# Need some in the NW Burbs of chicago with a plow controller



## stroker79 (Dec 2, 2006)

I have a western unimount MVP. I think and im pretty sure the controller is bad but I really dont want to drop a couple hundred on one to find out it was something else. If anyone is in the area, and has a controller I could try I would really appreciate it. I could even drive to your location. All I want to do is plug it in and try it to see if it works or not. Please LMK if you can help me out!


----------



## Mdwstsnow512 (Dec 30, 2007)

call freddy, they got to have one


----------



## Mdwstsnow512 (Dec 30, 2007)

or call masterhitch i bet theyd let u try one if you told em youd buy it if it fixes the problem. 
there cool to deal with, close to ya too


----------



## stroker79 (Dec 2, 2006)

You work for valley?

I've never seen any of them run anything other than a straight blade but I suppose it worth a try. Thanks


----------



## Mdwstsnow512 (Dec 30, 2007)

ya - technically had guys workin under you last year  
craigs got a boss V on his truck. 
they said last year they got all sorts of parts as spares. prolly got a controller.


----------



## stroker79 (Dec 2, 2006)

Hi Nate! Lol


----------



## weeman97 (Dec 4, 2005)

if ya dont mind a lil drive i belive CPW can test your controller. i know they were gunna test my Fishstick but didnt have the adapater. but them and fisher took care of it. got a new one Free of charge


----------



## stroker79 (Dec 2, 2006)

Nice!

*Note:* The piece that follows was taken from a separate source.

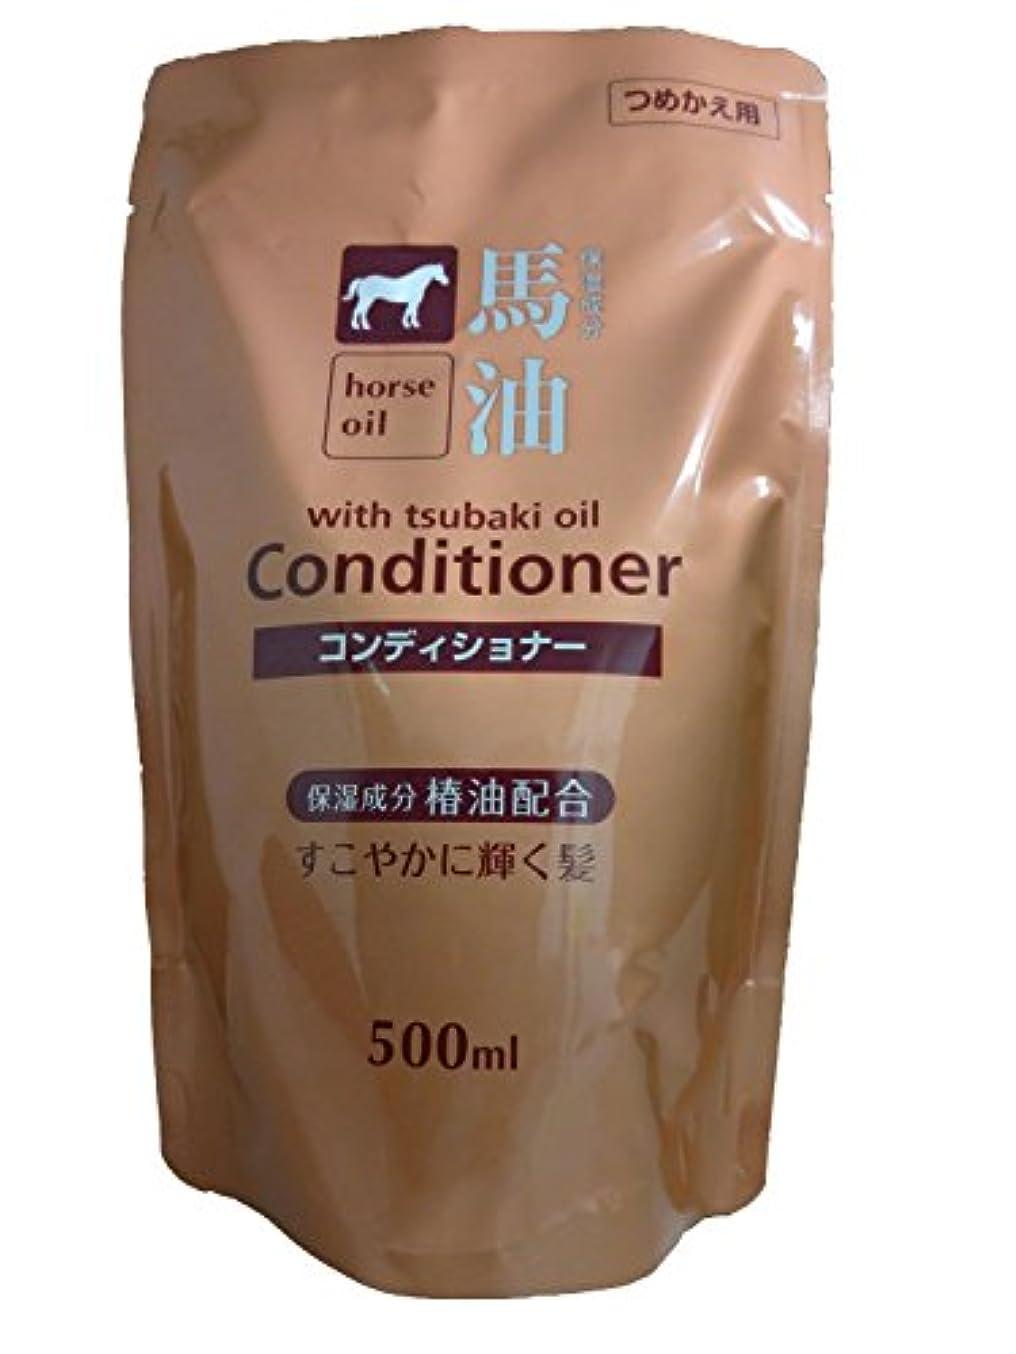 広範囲にデザート排除熊野油脂 馬油コンディショナー 詰め替え用 500ml

Im headed downt there today to get some stuff, Ill bring it along!


----------



## weeman97 (Dec 4, 2005)

i only deal with matt mcdermott, or larry for what it matters! if ya see the only yellow fisher V thats mine make sure u give it your blessing so it may stay 2gether this season!


----------



## stroker79 (Dec 2, 2006)

I will run it over with a real plow, LOL


----------



## weeman97 (Dec 4, 2005)

lol your so thoughtful!


----------